Agreed. I wasn't feeling it either. I thought the part beginning at 0:50 was just terrible, like I was about to hear some dubstep breakdown or something.

The part starting around 2:15 was the only thing I halfway liked in the entire video. The rest sounded like LotR outtakes.
 

JonCha

Member
Sold.

And I never said I didn't ilk Marty's music, I just said I was getting bored. Purely orchestral isn't what I what in more Halo games, even though it's good.
 
Because of this, Marty is forever my hero. Like Halo Wars was really good, but didn't match the mainline 3+ODST Halo games. I liked his work in the previous 3 games, but there is not a "just an okay song" on the Halo 3: ODST soundtrack.

The jury is still out on Halo:CE Anniversary due to me just getting it.
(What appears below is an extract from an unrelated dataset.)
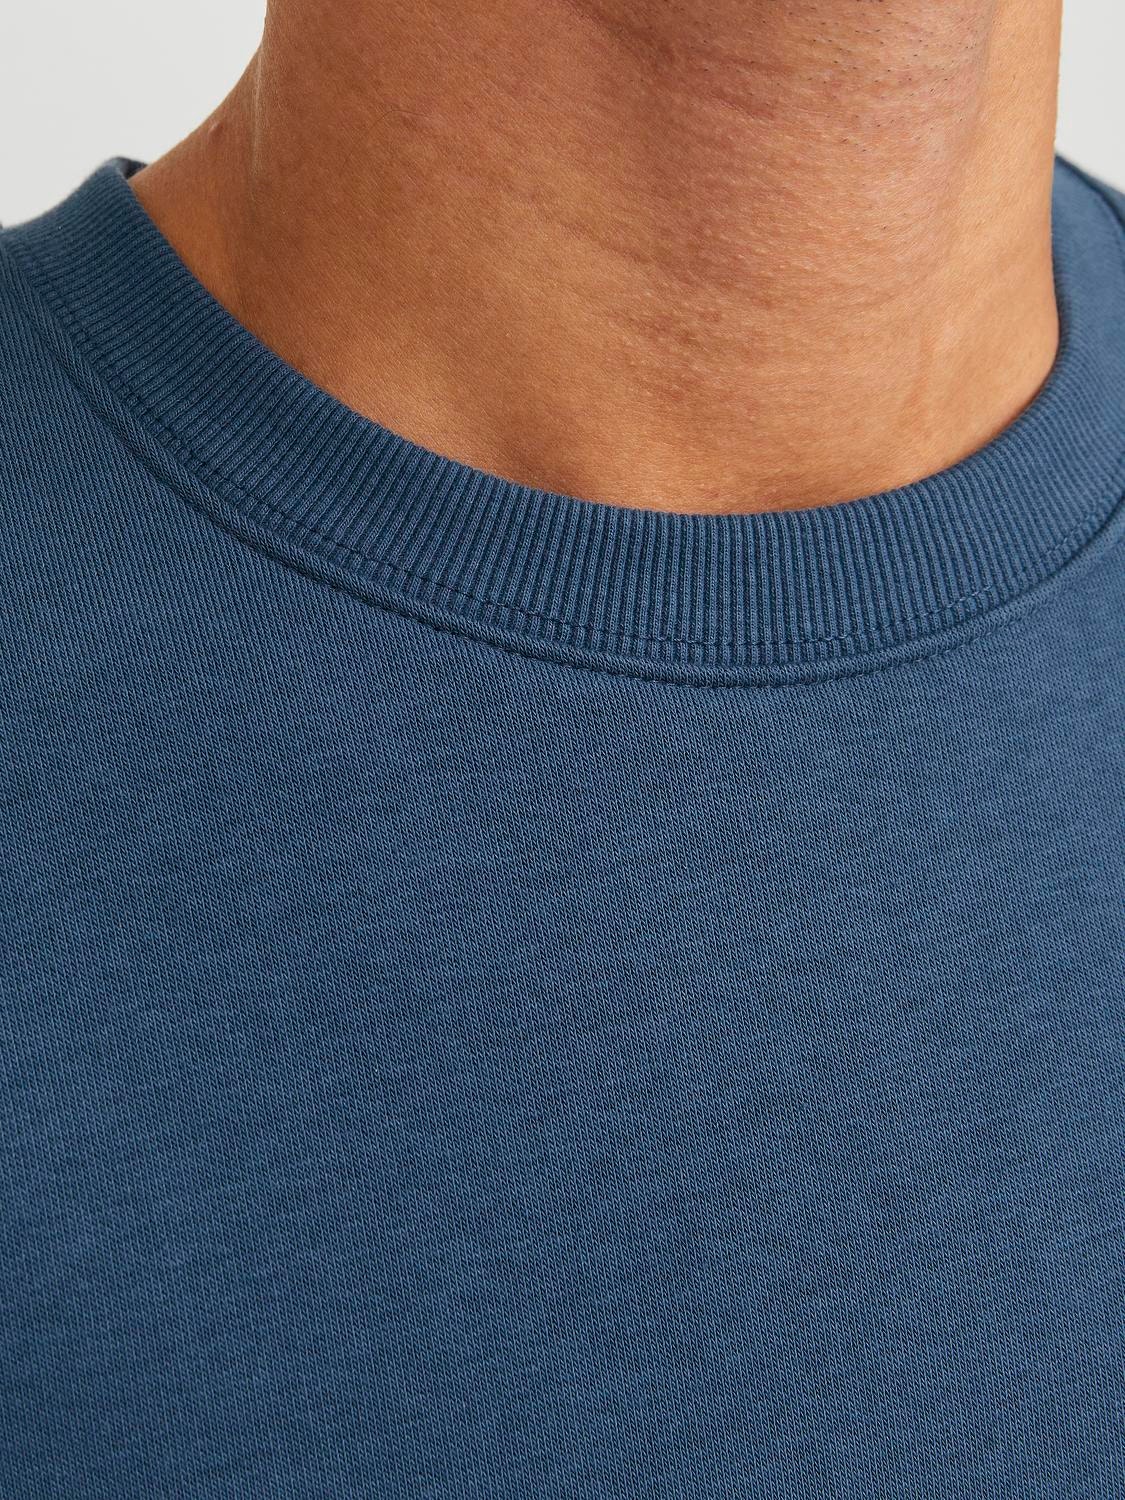 Jack & Jones Plain Crew neck Sweatshirt -Ensign Blue - 12208182

{edit} I am not at all poo-pooing their efforts, but as anyone who has heard ODST's soundtrack, there is a lot of work to live up to that. Marty and Michael also had like almost a decade to perfect his sound and play with it as they will with multiple games.
 
I quite like the stuff I heard in that video. Nothing that got me all chilly like Marty's music, but I am totally content with what they are doing.
 
I didn't latch onto any memorable cue or melody from the video, and though it was just all snippets I was hoping for some piece to make a stronger statement. Hopefully we get a better sample in the longer piece to be released.
Well, there's two things here. First, Davidge's strengths probably don't lie in crafting indelible melodies, but his sound design and use of texture, especially electronic sounds and processing, destroys Marty's. Second, the Halo melodies are so ingrained in your imagination at this point, reused, reworked, developed across ten years of repeated gameplay, that it's probably hard to remember what it was like to hear them fresh -- they may have been less 'memorable' when they appeared in trailers in 2001.

And with regard to that processed electronic stuff, I kind of hope that's a big aspect of it, and less the kind of sweeping, 'epic' orchestral score that videogames have run into the ground. ODST had my favourite Halo music in part because it was tight, muted, and used new sounds and tones.